As a young woman in 1934, none of those events were on her mental horizon. After all – who would have thought mankind would be able to live in space continuously for nearly 10 years or even be able to go to space? She had more immediate things on her mind.
She married Rochie Taylor that year. She smiles and gets a faraway look as she recalls their courtship and early life together. They started out their married life in Beaver Dam, where their daughter Marilyn was born. The family moved to Louisville when Marilyn was 5- or 6-years-old. Rochie Taylor worked for International Harvester and Dora was a stay-at-home mom.
Rochie Taylor died suddenly from a heart attack in 1962. His daughter said he had no previous heart problems. Dora Taylor had to go to work and so she began a career as a nurse aide at Baptist Hospital, a position she held for 23 years.
Wanting to be closer to her family, Taylor moved to Elizabethtown in 1985, becoming the second resident at Huddleston House, located on the downtown square. She lived there until November 2011, when she moved to Sunrise Manor.

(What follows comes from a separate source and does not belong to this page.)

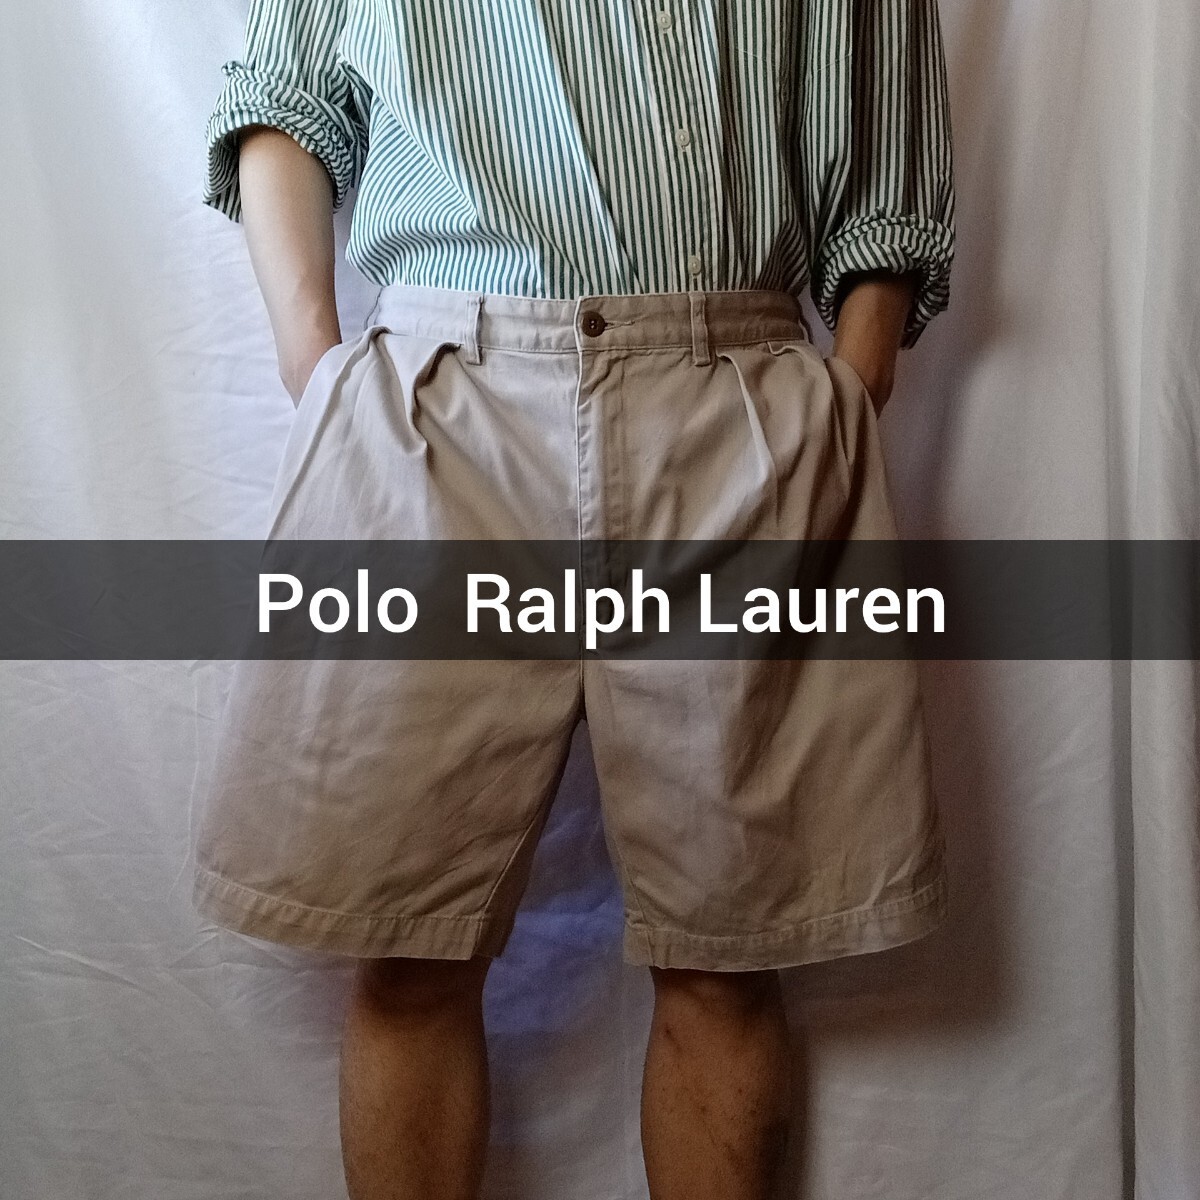 Polo Ralph Lauren ショートパンツ 36 チノパン ベージュ コットンパンツ ラルフローレン ショーツ ポロチノ 2タック アメカジ 古着 7_画像1

“She has always been very independent,” said her son-in-law, Hardin McLane. “She fell about five years ago and broke a hip. That slowed her a little, but it didn’t stop her.”
She drove until she was well into her 90s, he said, and she walked at least a mile a day – sometimes two – through downtown until she broke her hip.
Sally Rineker, Quality of Life Director at Sunrise Manor, said Taylor is one of the more independent residents. “She gets herself up and gets dressed on her own. She pretty much does everything she can for herself,” she said.
Basketball is a passion for Taylor. It doesn’t matter if it’s U of L or UK – she likes both teams. And wherever Bobby Knight is coaching, she’s got her attention tuned in. “He’s such a rascal,” she said with a chuckle.
She’s got a real sweet tooth. Mention candy, cookies or cakes and Taylor’s up for whatever the activity will be. She’s not diabetic, doesn’t have a weight problem and isn’t real picky. “If it’s something sweet, she’s happy,” Rineker said.
In addition to her daughter and son-in-law, Taylor has a grandson, Michael McLane, who lives in Elizabethtown. Her granddaughter, Michelle, died of cancer in 2009. She has two great-granddaughters – Lauren and Erin, both of whom are 12. Her “baby sister” – her only living sibling – is 100 years old and lives in Russellville.
Taylor enjoys sharing memories. She was 19 at the start of the Great Depression, and over the next 10 years, she had to deal with extremely limited resources and severe shortages. She recalled how difficult and trying the times were. “I wasn’t sure it would ever end,” she said.
Her husband was deferred from serving in World War II because of varicose veins, she said. She doesn’t recall the atrocities of the war, but clearly remembers the nationwide rationing.
While so much has changed, many things remain the same. She still enjoys reading romance novels – in old-fashioned book form, please – none of the newfangled electronic gadgets for her. Face-to-face visits are a treasure, she said, being able to be near someone, to reach over and pat a hand.
What does she think may be coming next in the ever-changing world? She pauses to think, then replies with a smile, “I can’t imagine. I just don’t know.”